There are 2 options here I’d say:

  • either you fine-tune a text-only LLM (like Mistral, LLaMa, etc.) on the OCR text of the PDF along with a text prompt and corresponding targets. Refer to my notebook on fine-tuning Mistral-7B (or any other LLM) on a custom dataset: Transformers-Tutorials/Mistral/Supervised_fine_tuning_(SFT)_of_an_LLM_using_Hugging_Face_tooling.ipynb at master · NielsRogge/Transformers-Tutorials · GitHub. It leverages Q-LoRa with the PEFT library. It’s based on the official scripts from the Alignment Handbook: GitHub - huggingface/alignment-handbook: Robust recipes to align language models with human and AI preferences. Basically one needs to prepare the dataset in a format that the model expects (by calling tokenizer.apply_chat_template on the inputs). What I’d recommend is applying an OCR engine of choice on the PDF documents (such as Tesseract, or closed-source APIs like the ones from Google Cloud or Azure).
  • either you fine-tune a vision-language model (like Idefics2, Llava, Llava-NeXT, PaliGemma) to take in the image(s) of the PDF, typically one image per page, + an optional text prompt, and produce a certain desired target. One example could be take in a PDF and produce corresponding JSON, containing desired keys and values from the PDF. Refer to the example notebook regarding fine-tuning PaliGemma or the example notebook regarding fine-tuning Idefics2. The benefit of Idefics2 is that it encodes images very efficiently which means you could easily fine-tune it on PDFs which consists of multiple pages.

The latter approach is basically this:

Update: more and more VLMs now support fine-tuning on multi-page documents. Some recent example include Qwen2-VL and LLaVa-OneVision.

3 Likes

Make your own dataset and train on it. Im facing some issues with The excessive replies and stuff. Lit tends to give the reply in duplicates . But with greater dataset we can ensure improved performance. Convert all data in text using -layout option in pdf2text and then fine tune it using autotrain.

Thank you for this information !

In general, when you talk about PDF to JSON, in the notebook we find image to JSON (it’s like converting multiple PDFs to a single image).

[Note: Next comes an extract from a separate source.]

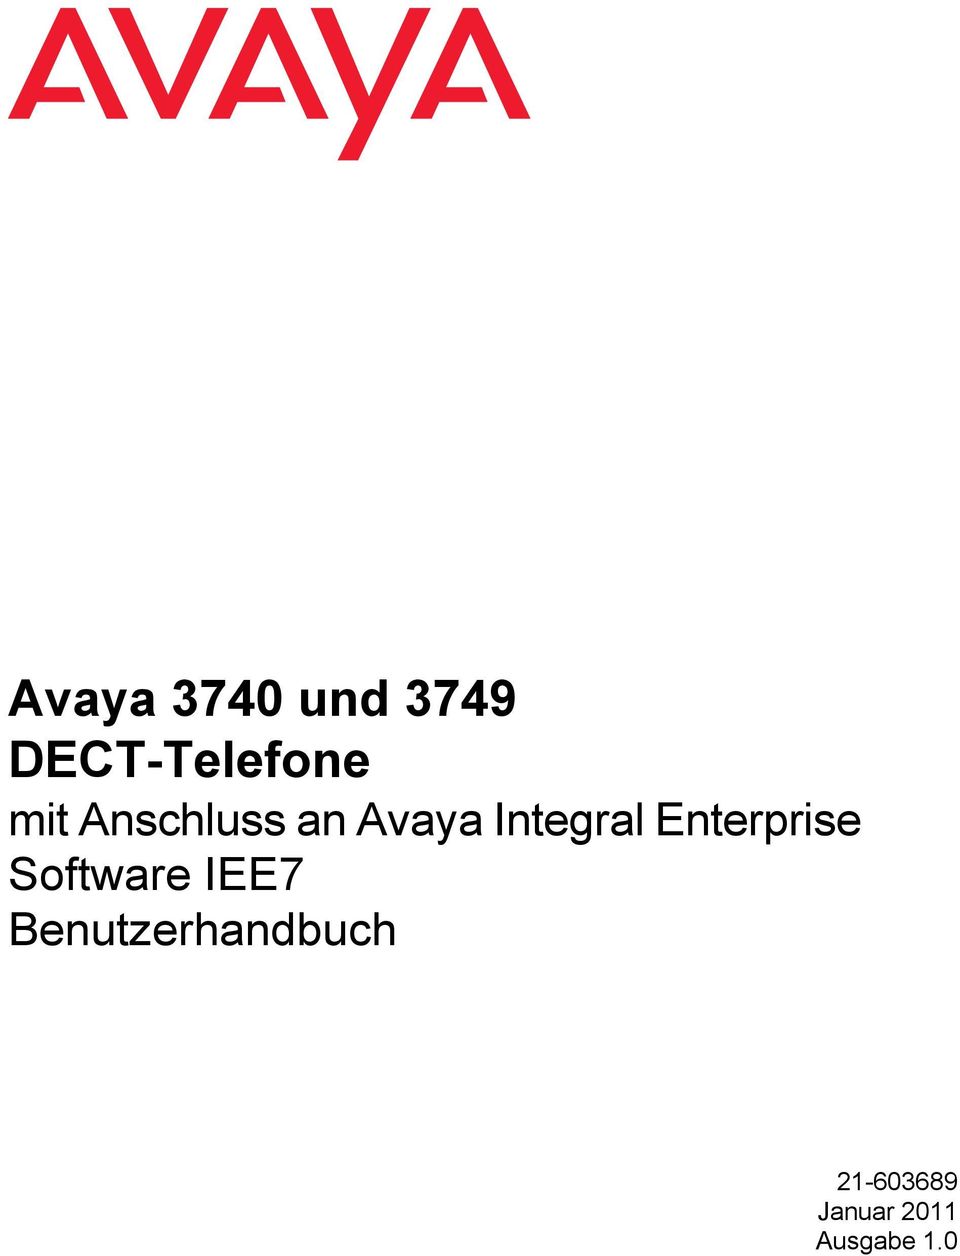 Enterprise Software IEE7

:exclamation:But in my case, I have a PDF with multiple pages. The PDF is divided into paragraphs, each with its own properties. The problem is that if I convert the PDF into a single image, it risks losing information since a paragraph might span two images.

My goal is to convert the entire PDF into one JSON file.

So, I wonder if it is possible to divide a PDF into multiple images that will be given as input, and the output will be a single JSON file. If yes, how?

Hi Bhuvan were able to succeed and perform well inferences on the same task. I am also researching for the same did not find a great way out as of yet. Can you help me in the same.

HI Sabber, I also face similar problem, I have some 100s of pdfs on which I want to train/finetune llm. The thing is, when I train it on raw text, pdf converted to text data, it is not very well formatted and hence, the llm so finetuned, is not able to work correctly. Please help if u know some solution. Also, the pdfs have tables and pymuPDF, tabula etc are not able to extract tabular data from such pdfs. Please help if u know some solution.

1 Like

Hi, I also face similar problem, I have some 100s of pdfs on which I want to train/finetune llm. The thing is, when I train it on raw text, pdf converted to text data, it is not very well formatted and hence, the llm so finetuned, is not able to work correctly. Please help if u know some solution. Also, the pdfs have tables and pymuPDF, tabula etc are not able to extract tabular data from such pdfs. Please help if u know some solution.